Les altercations se multiplient dans les fourrières municipales où la tension est devenue quasi quotidienne entre agents et automobilistes venus récupérer leur véhicule. À l’origine de ces disputes souvent violentes : des enlèvements jugés parfois abusifs et injustifiés par des conducteurs excédés, dont les voitures ont été déplacées par la grue municipale vers la fourrière pour stationnement interdit.
En principe, l’intervention des services municipaux obéit à des règles bien établies. Les véhicules sont retirés lorsqu’ils sont garés dans des zones strictement interdites, en double file, à proximité d’un carrefour, dans un virage ou encore lorsqu’ils entravent la circulation et réduisent la visibilité des usagers de la route. Autant de situations considérées comme des infractions pouvant justifier un enlèvement immédiat vers la fourrière.

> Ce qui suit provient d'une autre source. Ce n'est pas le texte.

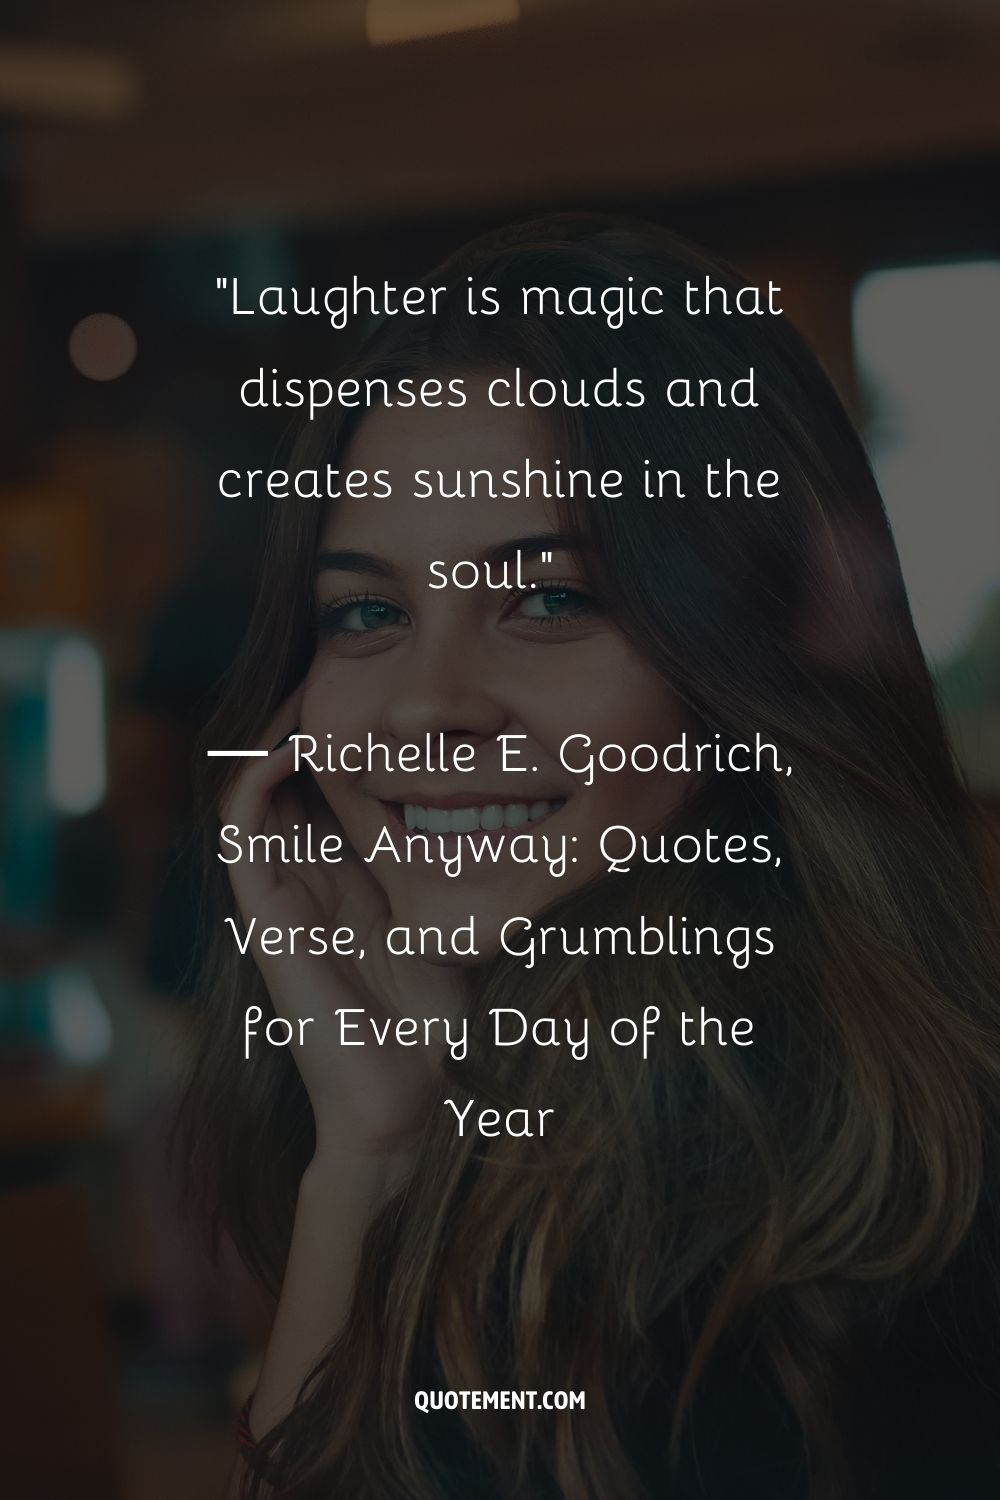 La risa es magia que disipa las nubes y crea sol en el alma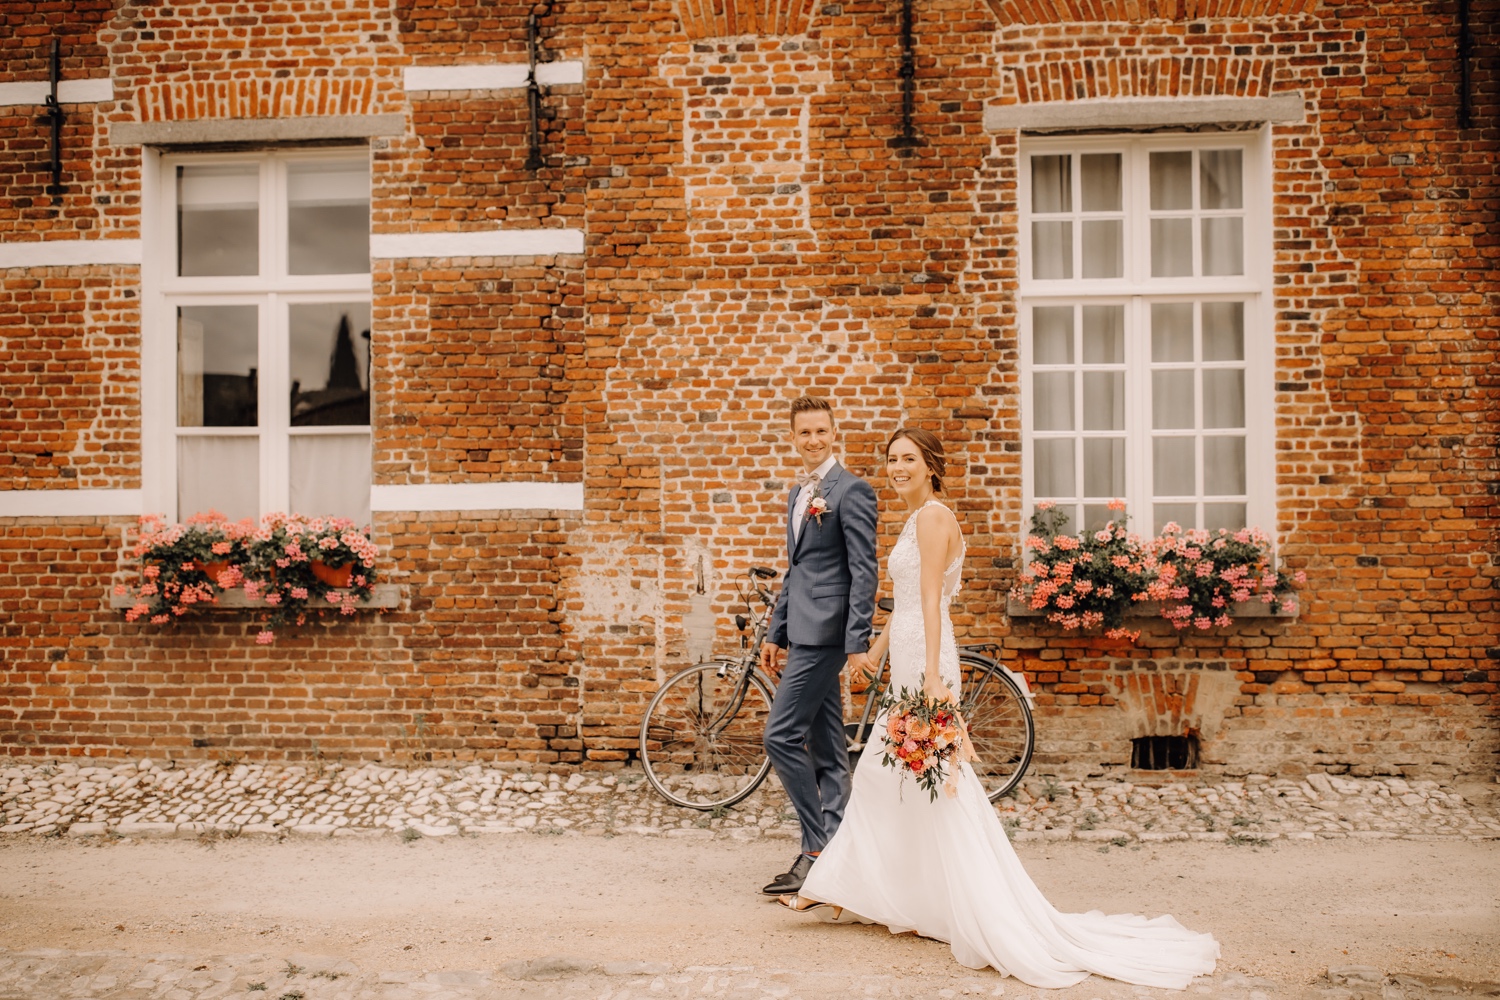 Huwelijksfotograaf limburg - bruidspaar wandelt door het begijnhof hand in hand

Or, il arrive que des opérations d’enlèvement par la grue municipale se déroulent de manière brusque, sans prendre les précautions suffisantes, ce qui occasionne parfois des dommages matériels aux véhicules. Ces incidents ne font qu’exacerber la colère de conducteurs furieux de devoir payer une amende dont le coût est jugé excessif, pour un motif qu’il juge souvent injustifié et infondé.
Autre source de frustration : la difficulté à localiser les véhicules enlevés. Faute d’informations claires, certains conducteurs se retrouvent contraints, en effet, de parcourir plusieurs fourrières municipales avant de retrouver leur voiture, au terme d’un véritable parcours du combattant.
Face à ce constat, Marouane Zayane, député relevant du conseil national des régions et des districts a proposé de remplacer l’enlèvement des voitures par la mise en place d’un dispositif numérique, consistant à enregistrer directement dans une base de données les contraventions et à apposer sur le pare-brise du véhicule en infraction, un avis mentionnant le numéro d’enregistrement, le motif de la contravention, le montant de l’amende ainsi que la fourrière où doit se rendre l’automobiliste fautif pour s’acquitter du règlement de l’amende. Si l’application d’un tel dispositif permettrait d’éviter de nombreux désagréments aux conducteurs et de supprimer le recours à l’enlèvement des voitures en état d’infraction, elle présente, toutefois, quelques failles.
Certes, en effaçant du paysage urbain, la vue de ces grues municipales encombrantes qui circulent dans les ruelles et les grandes artères, ce mécanisme permettrait de fluidifier la circulation et d’éviter notamment des scènes souvent contestées d’enlèvement de véhicules. Toutefois son efficacité pourrait être compromise par le manque de civisme de certains conducteurs, qui décideraient d’ignorer les avis d’infraction apposés sur leurs véhicules et de refuser de s’acquitter des amendes.
Afin que ce dispositif soit efficace, il faudrait relier cette base de données à celle des impôts, à titre d’exemple, ce qui permettrait de conditionner certaines démarches administratives, à l’instar du paiement de la taxe de circulation, au règlement préalable des amendes liées au stationnement interdit. Ainsi, une telle mesure renforcerait le caractère dissuasif du dispositif et en garantirait une application plus rigoureuse.